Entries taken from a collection
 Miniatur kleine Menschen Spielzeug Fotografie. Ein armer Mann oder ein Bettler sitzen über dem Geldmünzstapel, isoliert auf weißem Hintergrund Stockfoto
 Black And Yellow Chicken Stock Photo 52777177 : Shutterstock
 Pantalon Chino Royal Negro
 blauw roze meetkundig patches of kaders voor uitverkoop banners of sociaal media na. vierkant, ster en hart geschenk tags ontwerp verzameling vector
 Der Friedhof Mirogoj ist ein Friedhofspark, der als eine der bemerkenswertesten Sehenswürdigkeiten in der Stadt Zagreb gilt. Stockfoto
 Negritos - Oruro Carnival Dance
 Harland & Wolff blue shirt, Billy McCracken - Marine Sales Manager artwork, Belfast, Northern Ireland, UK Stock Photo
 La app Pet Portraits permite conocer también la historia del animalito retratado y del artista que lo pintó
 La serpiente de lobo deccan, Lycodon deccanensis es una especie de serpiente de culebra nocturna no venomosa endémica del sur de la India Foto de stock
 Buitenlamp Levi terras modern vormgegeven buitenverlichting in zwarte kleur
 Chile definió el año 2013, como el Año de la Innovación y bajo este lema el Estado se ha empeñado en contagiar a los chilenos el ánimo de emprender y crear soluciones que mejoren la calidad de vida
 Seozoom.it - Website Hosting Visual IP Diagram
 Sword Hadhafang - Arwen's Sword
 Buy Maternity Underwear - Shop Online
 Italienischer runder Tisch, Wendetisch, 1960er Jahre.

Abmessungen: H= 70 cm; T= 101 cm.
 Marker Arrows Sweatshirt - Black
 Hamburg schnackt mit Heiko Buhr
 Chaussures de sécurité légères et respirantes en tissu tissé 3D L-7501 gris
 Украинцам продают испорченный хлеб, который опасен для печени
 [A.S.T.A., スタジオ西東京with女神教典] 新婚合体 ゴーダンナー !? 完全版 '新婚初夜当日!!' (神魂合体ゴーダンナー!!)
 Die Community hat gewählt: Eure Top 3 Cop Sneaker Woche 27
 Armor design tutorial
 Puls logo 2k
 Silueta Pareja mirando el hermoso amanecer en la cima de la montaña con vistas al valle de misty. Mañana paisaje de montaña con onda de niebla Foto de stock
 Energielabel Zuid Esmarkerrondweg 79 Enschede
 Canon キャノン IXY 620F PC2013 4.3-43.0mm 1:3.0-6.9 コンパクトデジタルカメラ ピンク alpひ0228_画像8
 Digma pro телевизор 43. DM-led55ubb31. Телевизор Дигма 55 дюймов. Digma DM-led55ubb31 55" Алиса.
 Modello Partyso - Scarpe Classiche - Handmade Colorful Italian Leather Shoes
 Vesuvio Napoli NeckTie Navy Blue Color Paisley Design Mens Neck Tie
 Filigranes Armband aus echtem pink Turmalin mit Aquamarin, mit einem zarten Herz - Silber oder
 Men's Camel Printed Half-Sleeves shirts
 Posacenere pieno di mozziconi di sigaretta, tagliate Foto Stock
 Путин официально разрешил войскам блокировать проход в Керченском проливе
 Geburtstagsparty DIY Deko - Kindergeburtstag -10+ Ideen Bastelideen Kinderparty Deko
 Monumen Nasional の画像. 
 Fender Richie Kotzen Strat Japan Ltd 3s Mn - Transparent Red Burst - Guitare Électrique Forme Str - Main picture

- EXERCISE INSTRUCTIONS -
Take the line above containing "La app Pet Portraits", the line containing "Digma pro телевизор", and all lines in between, and copy them exactly without anything else.

- WRITTEN RESPONSE -
 La app Pet Portraits permite conocer también la historia del animalito retratado y del artista que lo pintó
 La serpiente de lobo deccan, Lycodon deccanensis es una especie de serpiente de culebra nocturna no venomosa endémica del sur de la India Foto de stock
 Buitenlamp Levi terras modern vormgegeven buitenverlichting in zwarte kleur
 Chile definió el año 2013, como el Año de la Innovación y bajo este lema el Estado se ha empeñado en contagiar a los chilenos el ánimo de emprender y crear soluciones que mejoren la calidad de vida
 Seozoom.it - Website Hosting Visual IP Diagram
 Sword Hadhafang - Arwen's Sword
 Buy Maternity Underwear - Shop Online
 Italienischer runder Tisch, Wendetisch, 1960er Jahre.

Abmessungen: H= 70 cm; T= 101 cm.
 Marker Arrows Sweatshirt - Black
 Hamburg schnackt mit Heiko Buhr
 Chaussures de sécurité légères et respirantes en tissu tissé 3D L-7501 gris
 Украинцам продают испорченный хлеб, который опасен для печени
 [A.S.T.A., スタジオ西東京with女神教典] 新婚合体 ゴーダンナー !? 完全版 '新婚初夜当日!!' (神魂合体ゴーダンナー!!)
 Die Community hat gewählt: Eure Top 3 Cop Sneaker Woche 27
 Armor design tutorial
 Puls logo 2k
 Silueta Pareja mirando el hermoso amanecer en la cima de la montaña con vistas al valle de misty. Mañana paisaje de montaña con onda de niebla Foto de stock
 Energielabel Zuid Esmarkerrondweg 79 Enschede
 Canon キャノン IXY 620F PC2013 4.3-43.0mm 1:3.0-6.9 コンパクトデジタルカメラ ピンク alpひ0228_画像8
 Digma pro телевизор 43. DM-led55ubb31. Телевизор Дигма 55 дюймов. Digma DM-led55ubb31 55" Алиса.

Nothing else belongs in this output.